The rain came down in torrential sheets, and the lightning flashed
chaotically; it was never-ending, forever raging. The ground was muddy in
some spots and barren rock in others—barren and burned clean from where
lightning had struck with enough force to singe the dirt away. The
grotesque structures that were the lightning rod towers stretched into the
distance, standing like giant, shadowy juggernauts, watching over their
never-changing wasteland.
His one good eye focused on the black, churning sky, and they were exact mirrors of each other. The other eye, scarred into disuse, moved behind the deformed eyelid, but saw nothing. This place did not bother Auron. If he had gotten his way, they would have still been moving, and probably would have been out of the Thunder Plains by then.
However, the Al Bhed—Rikku—had whined and complained until they begrudgingly stopped at the travel agency for a rest. The rest of the group was asleep, although, truth be told, Auron could not tell whether it was day or night. The Thunder Plains never changed. It had been dusk when they had entered them, so after the few hours of travel they had completely, he was assuming that it was sometime in the early morning, approaching dawn.
Auron was not afraid of lightning, or thunder, or the things that lurked in the shadows of the Thunder Plains. Truth be told, there was not much that frightened him. The capacity for fright had all but left his body, along with a great many other things that most other normal humans possessed within them.
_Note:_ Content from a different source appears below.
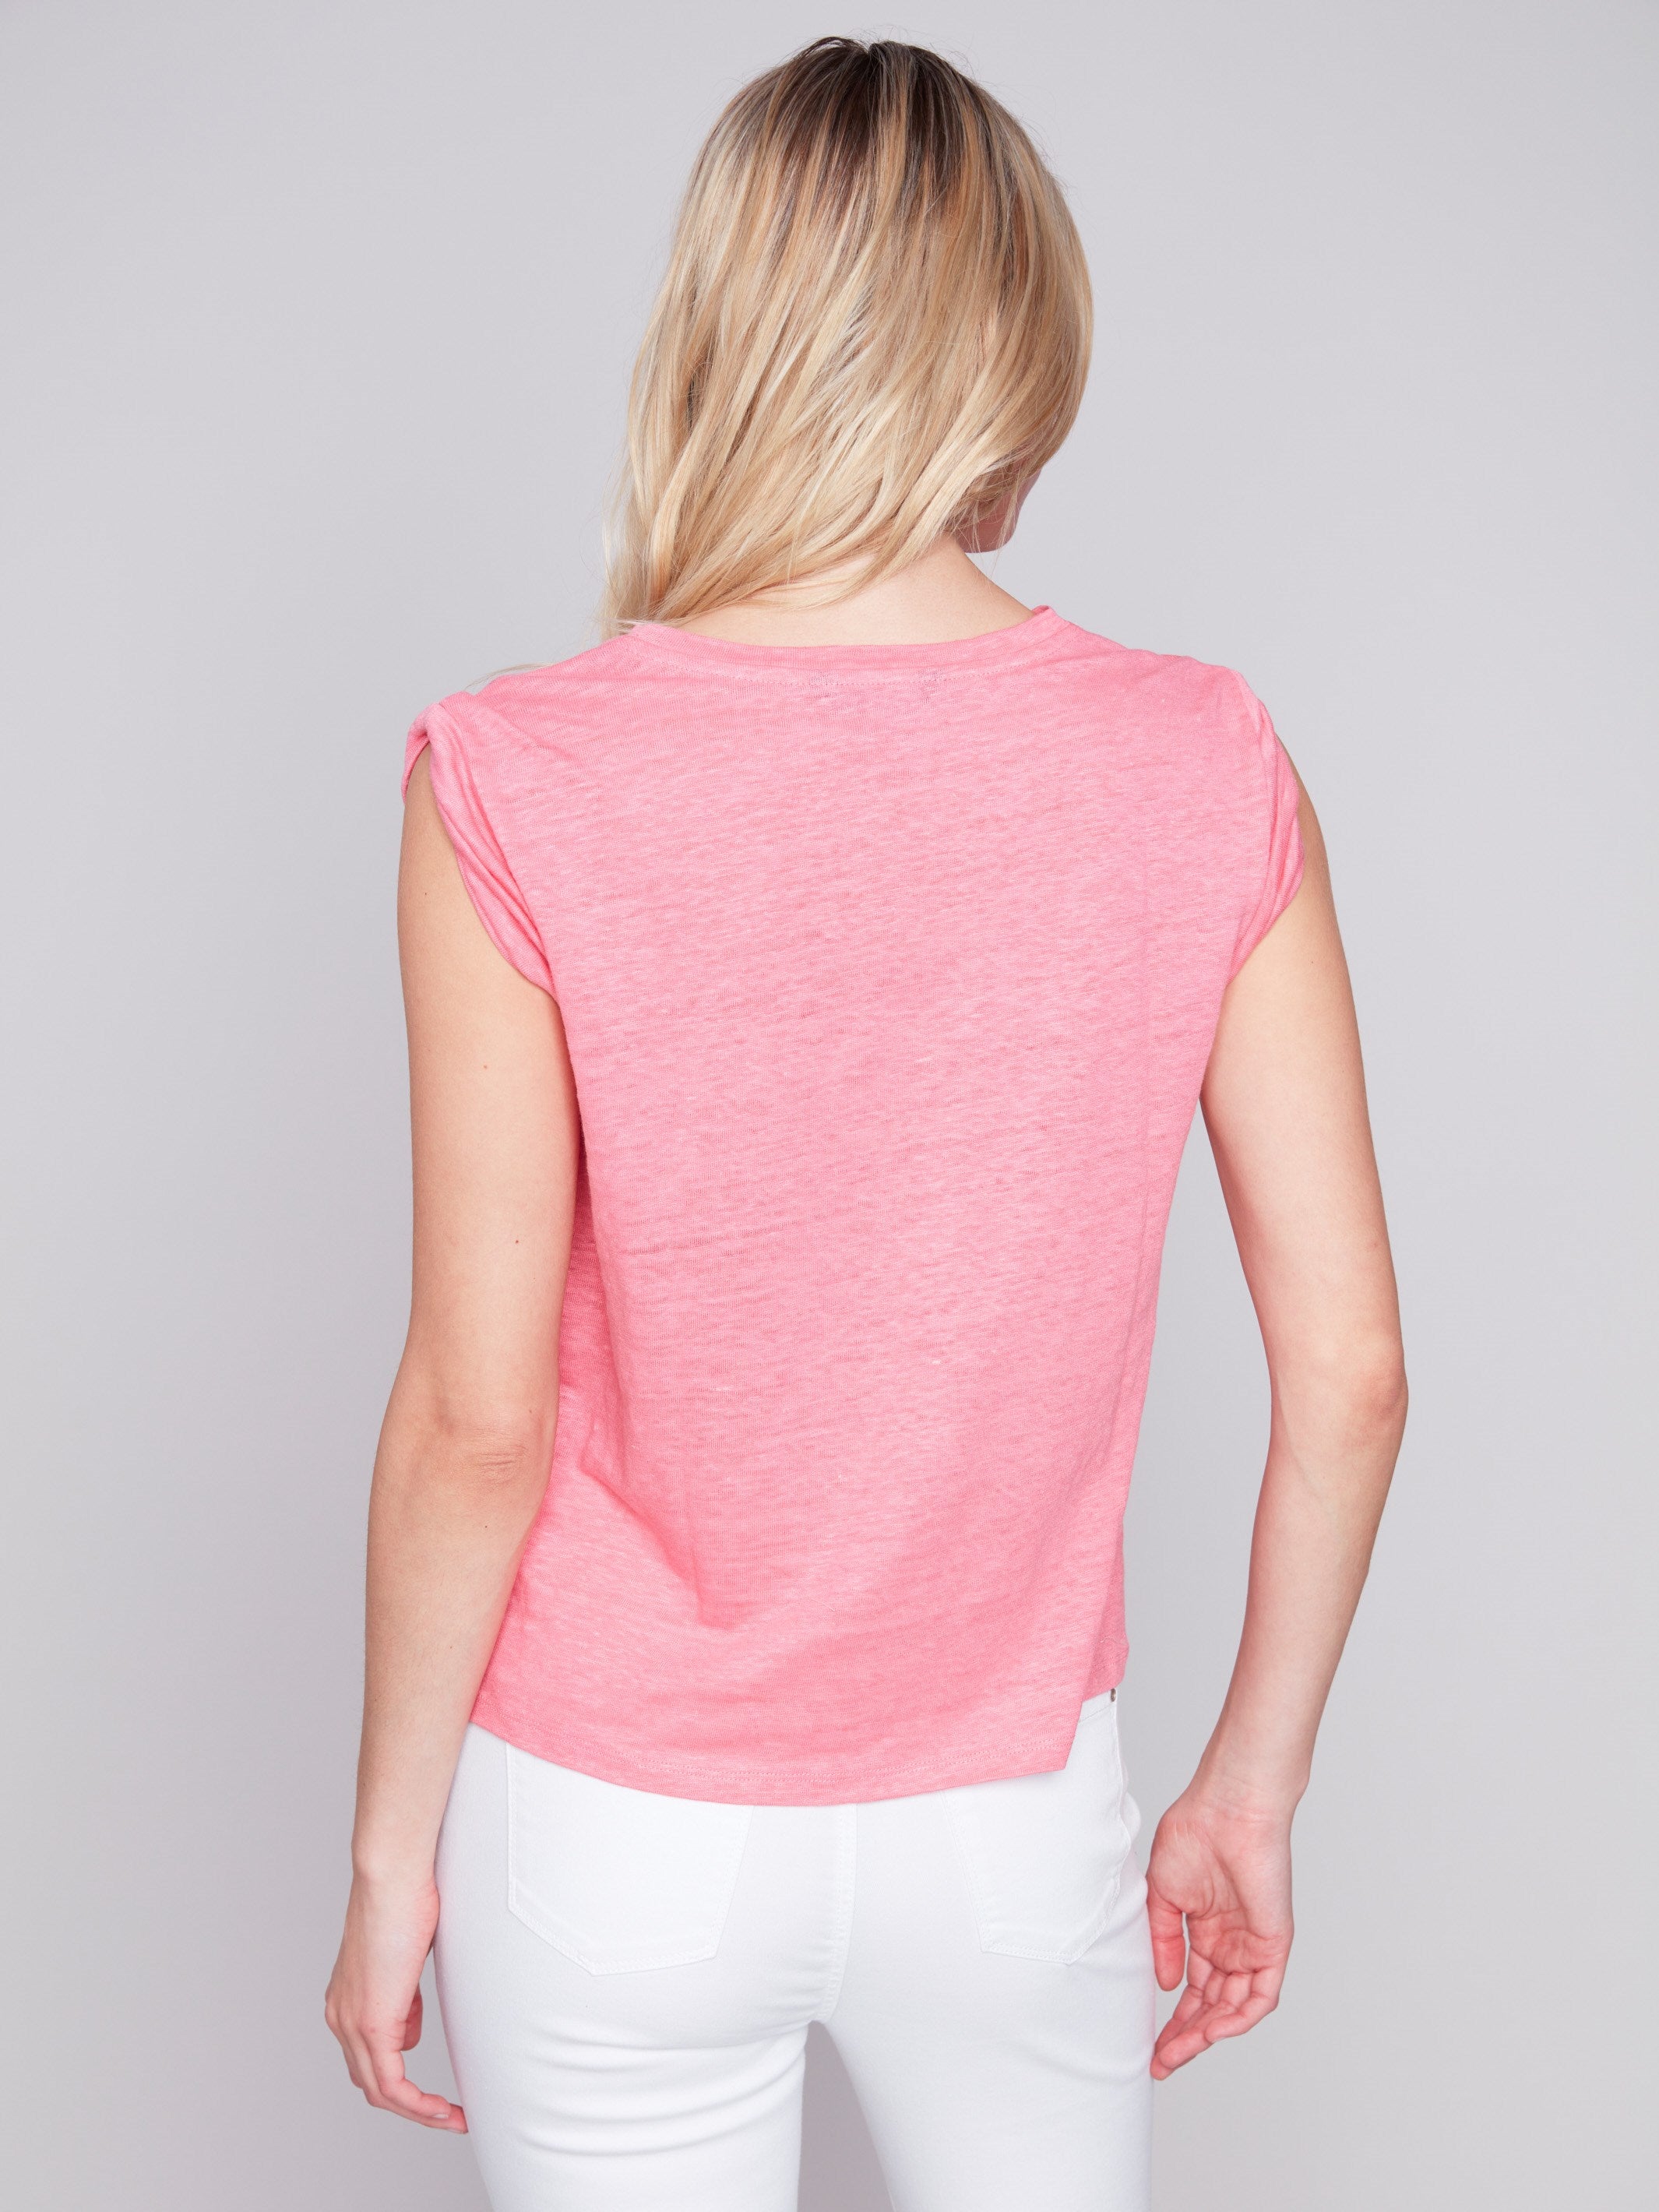 Linen Tank Top with Sleeve Detail - Flamingo - Charlie B Collection Canada - Image 2

But you're not a normal human, now, are you, old chap? His brain calmly reminded him. He scowled in spite of himself and watched a far off lightning bolt strike one of the towers, causing it to glow for a split second and the Plains to light up as if it were day in the blink of an eye. His arm, cradled in the folds of his cloak, balled into a fist and unballed. I wish I could fear this place.
In a few more hours, he would rouse the rest of the guardians and the summoner herself, Yuna, and force them back out on their journey. Auron felt something akin to pity for Yuna, who realized that she was nothing more than a pawn in the grand scheme of things. He honestly cared whether or not she wed; something about Seymour made the hair on the back of Auron's neck stand up, but he would just have to wait to see how things played out in the long run. As long as her pilgrimage was not delayed or interrupted, Yuna could marry a million men, for as much as he cared. So long as Yuna never lost sight of what her true purpose in life was, Auron cared not for what she did.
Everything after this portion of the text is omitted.